In our retail stores we offer a myriad of extra services to our customers, including hand engraving, repairs, alterations and bespoke design. All of our full time staff are trained to a minimum of NVQ level 2 in retail and thus offer customers a great service as standard. Customers who come into our store can expect to benefit from our generous customer loyalty scheme, on-the-spot repair, jewellery cleaning and free giftwrapping. We have trained silversmiths in each store and have an on-site workshop to offer a quick and competitive service to our customers. As we have these facilities available we can also offer them to our trade customers if they should need them.
How have you found the expansion to two stores?
It has been a lot of hard work and a lot of stress, but has really been worth it! We spent a great deal of time selecting the right location, the right staff and the right brands. We have teamed our own brands with others such as Ice and Storm watches, Silverado, Cavendish French, LucyQ and Sonya Bennett to give the customers a great choice. We have found that the new store has been really successful with the watch brands, and so we are adding Ted Baker and Kenneth Cole to our portfolio.

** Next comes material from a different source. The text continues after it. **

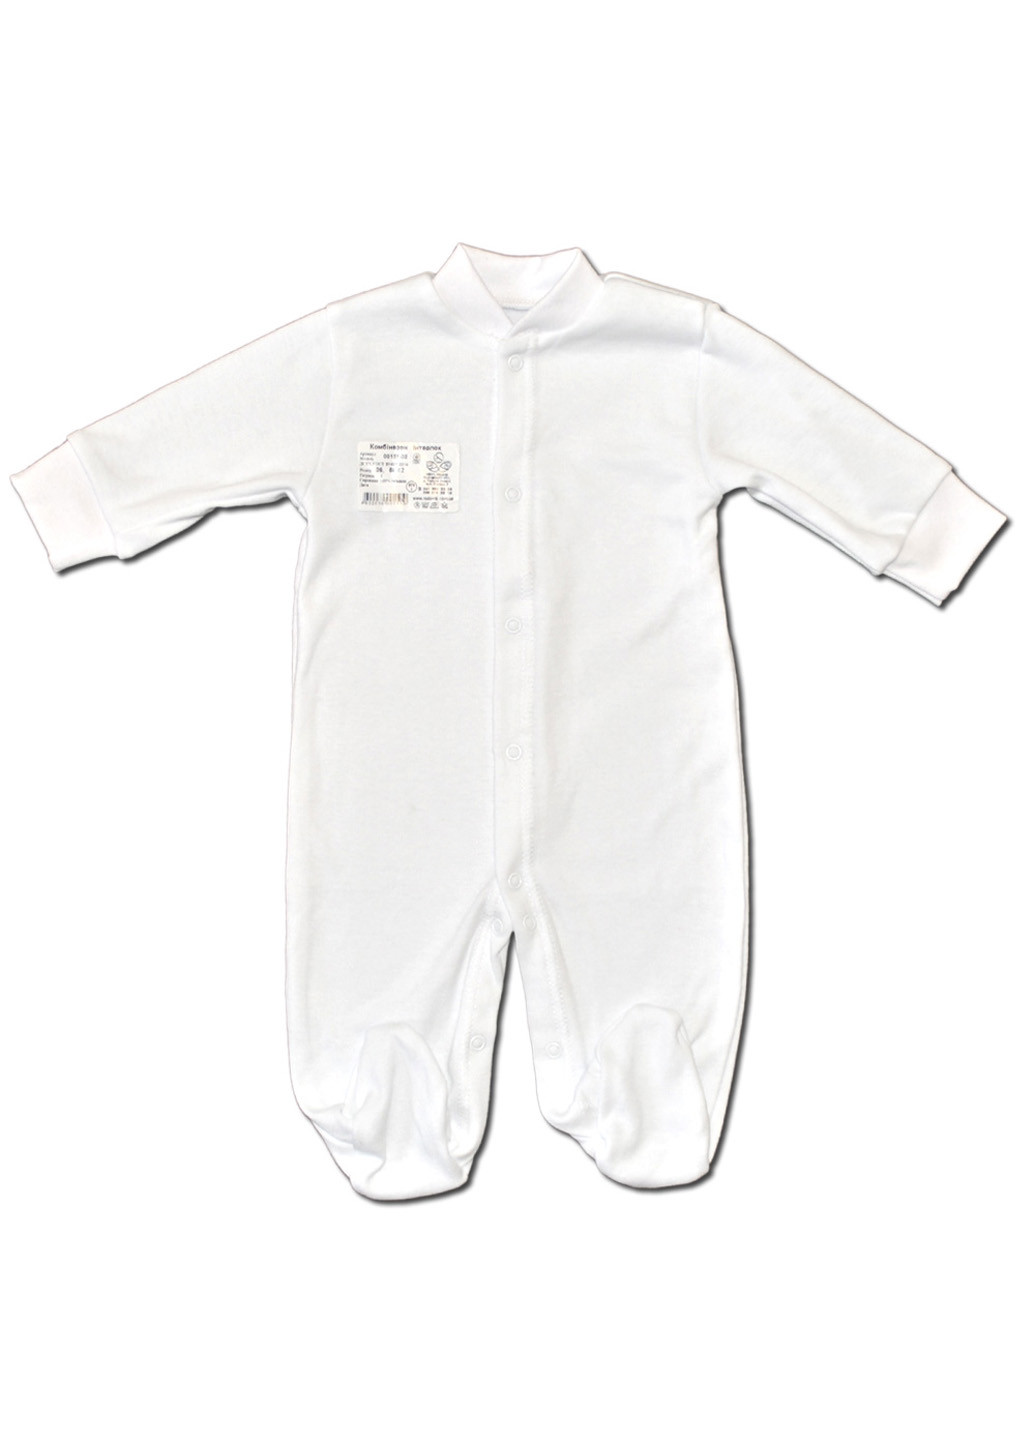 Белый демисезонный комплект для новорожденных №7 (5 предметов) тм коллекция капитошка белый Родовик комплект - 07Б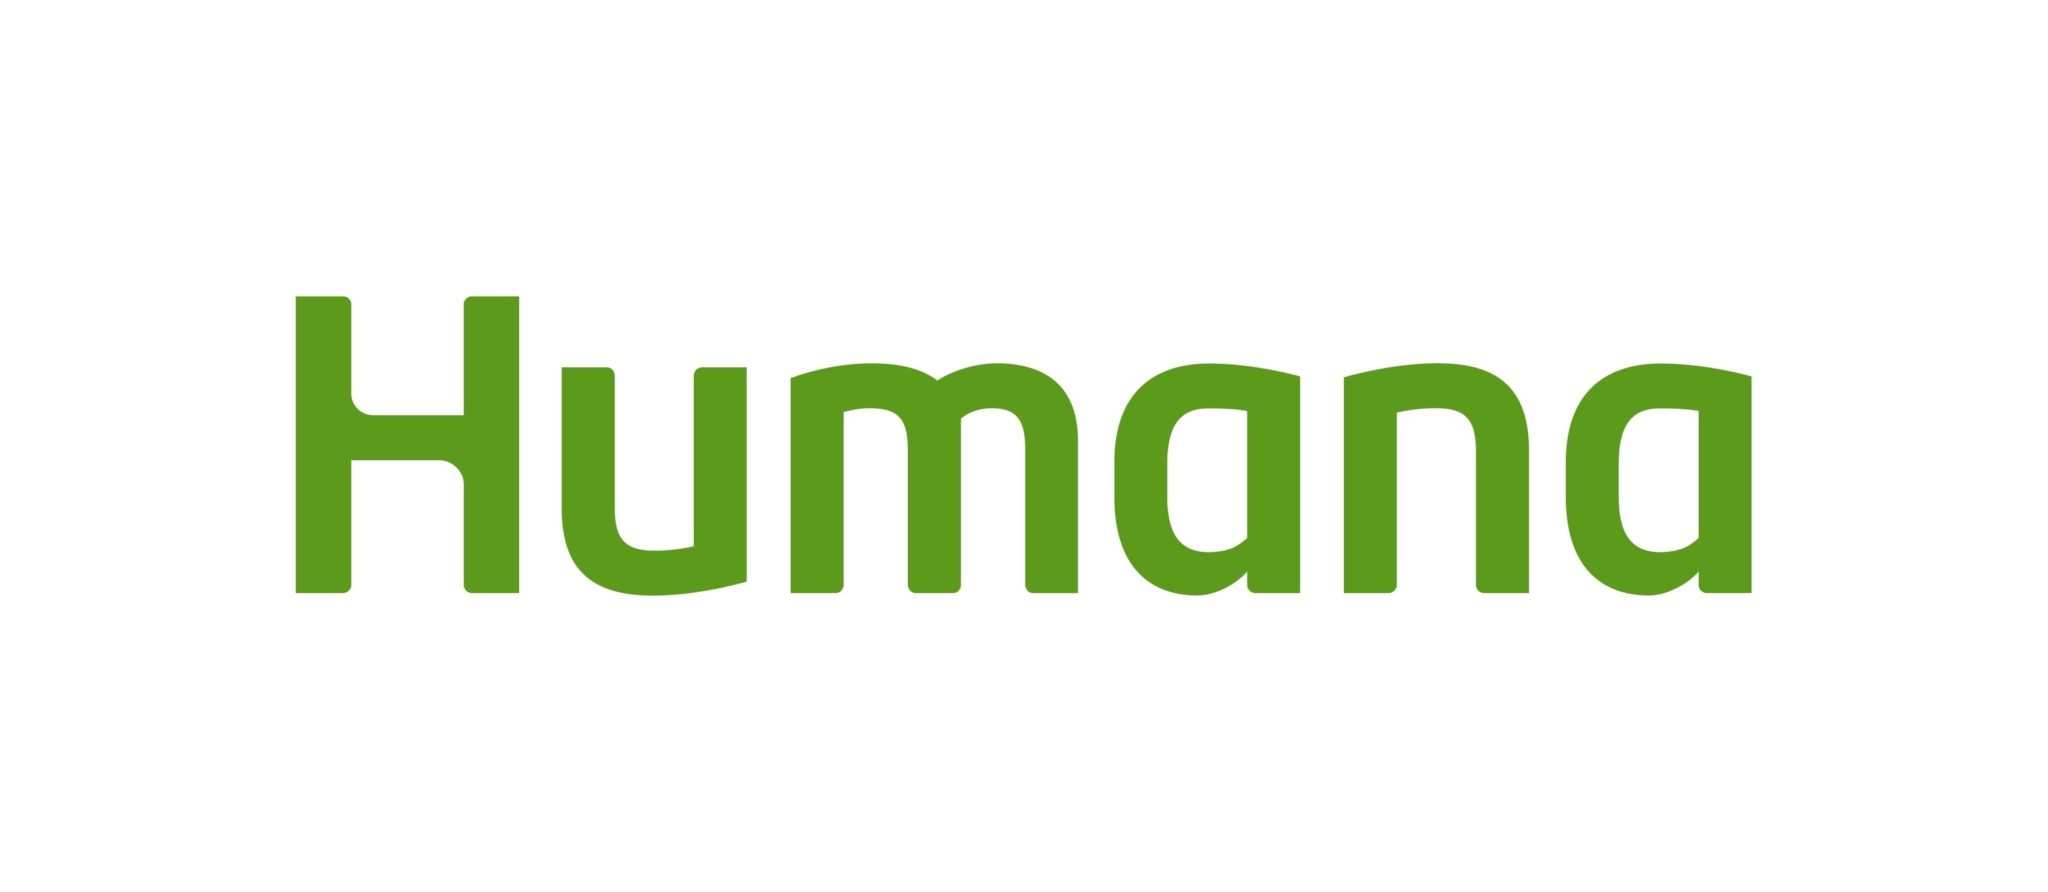 Humana Insurance logo

Do you have any other developments in the pipeline?
For 2012 we will be concentrating on our trade business and our internet presence. We are exhibiting at Glasgow (Scotland’s Trade Fair, SECC, 22 to 24 January, stand D160) and Birmingham (Spring Fair NEC, 5 to 9 February, hall 18 stand G44), and will be unveiling our brand new show stand (fingers crossed it will be ready!).
How would you say the internet has affected jewellery retailers?
We think that the internet is great for any business – we like to call it our third store. We consider our internet customers as being equally important as the customers who come into our stores, and have dedicated office staff to deal with any online queries. We have developed a great website that is really simple in design and really easy to use. The website also holds a trade catalogue so that our trade customers can easily log in and place an order in just a few clicks at trade prices. Through our own website and through third party sites, our internet presence has grown hugely over the last couple of years and we plan to continue with this.
What do you enjoy most about your job?
There are loads of great things about our jobs that we love. We love the challenge of running the business and developing it. We also really love designing the jewellery and watching from the design stage, through to the manufacturing, and then seeing the finished items. Finally, and most importantly, we love to hear all the positive feedback from our customers telling us how good our service is and about the pleasure they get from wearing our jewellery!
What’s the biggest challenge you face on a day-to-day basis?
Our biggest challenge currently seems to be keeping up with everything! With the opening of the new store and the expanding trade business, as well as having a lively threeyear-old to look after, it leaves me with very little time. We have spent some time re-organising our backroom staff, giving additional training, but seem to be able to give great service while having the daily challenge of being really busy! In addition, we are mindful of the current financial constraints many people are facing, and the rising silver prices, so therefore another one of our biggest challenges at the moment is designing lovely jewellery with this in mind.
What are your plans for the future?
In the immediate future we are looking forward to Glasgow and Birmingham for the trade shows in early 2012. And then going forward we are looking to bring a great stainless steel range and a costume jewellery range under the Nova Silver brand, and will be expanding our website to hold our full catalogue. We are not planning on opening any further retail shops in 2012, but you never know!